Project 5.18. Resonances and the asteroid belt
(a) A histogram of the number of asteroids versus their distance from the sun shows some
distinct gaps. These gaps, called the Kirkwood gaps, are due to resonance eﬀects. That is, if
asteroids were in these gaps, their periods would be simple fractions of the period of Jupiter.
Modify class Planet2 so that planet two has the mass of Jupiter by setting GM1 = 0.001*GM.
Because the asteroid masses are very small compared to that of Jupiter, the gravitational
force on Jupiter due to the asteroids can be neglected. The initial conditions listed in Planet2
are approximately correct for Jupiter. The initial conditions for the asteroid (planet one in
Planet2) correspond to the 1/3 resonance (the period of the asteroid is one third that of
Jupiter). Run the program with these changes and describe the orbit of the asteroid.
(b) Use Kepler’s third law, T 2/a3 = constant, to determine the values of a, the asteroid’s semimajor
axis, such that the ratio of its period of revolution about the Sun to that of Jupiter is
1/2, 3/7, 2/5, and 2/3. Set the initial value of x(1) equal to a for each of these ratios and
choose the initial value of vy(1) so that the asteroid would have a circular orbit if Jupiter
was not present. Describe the orbits that you obtain.

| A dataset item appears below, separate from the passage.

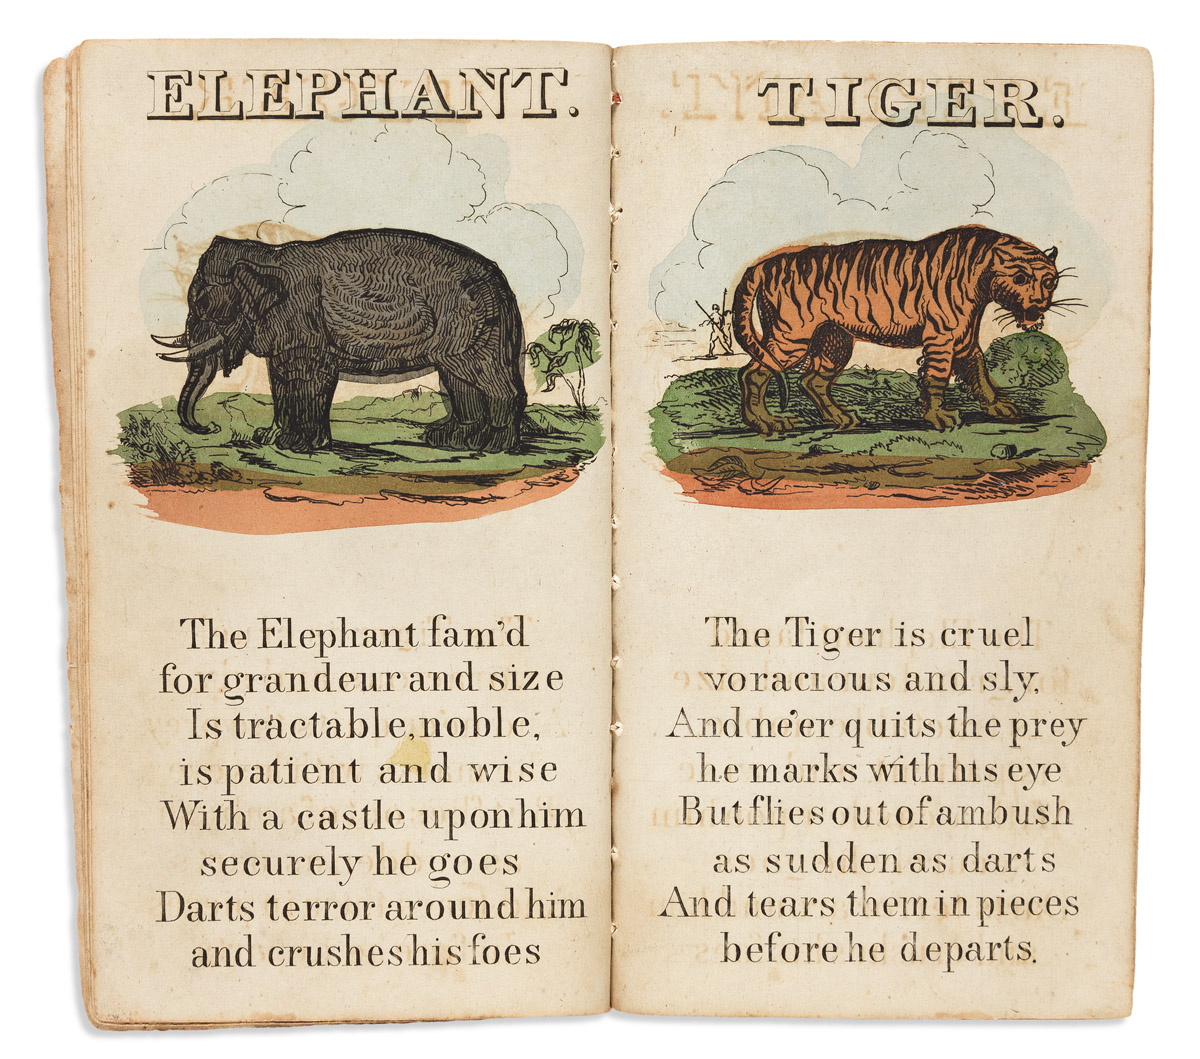 (CHILDRENS BOOKS.) The Cabinet of Nature, or, Animal World Displayed.

(c) It is instructive to plot a as a function of time. However, because it is not straightforward to
measure a directly in the simulation, it is more convenient to plot the quantity −2GMm/E,
where E is the total energy of the asteroid and m is the mass of the asteroid. Because E is
proportional to m, the quantity −2GMm/E is independent of m. If the interaction of the
asteroid with Jupiter is ignored, it can be shown that a = −2GMm/E, where E is the asteroid
kinetic energy plus the asteroid-sun potential energy. Derive this result for circular
orbits. Plot the quantity −2GMm/E versus time for about thirty revolutions for the initial
conditions in Problem 5.18b.
(d) Compute the time dependence of −2GMm/E for asteroid orbits whose initial position x(1)
ranges from 2.0 to 5.0 in steps of 0.2. Choose the initial values of vy(1) so that circular
orbits would be obtained in the absence of Jupiter. Are there any values of x(1) for which
the time dependence of a is unusual?
(e) Make a histogram of the number of asteroids versus the value of −2GMm/E at t = 2000.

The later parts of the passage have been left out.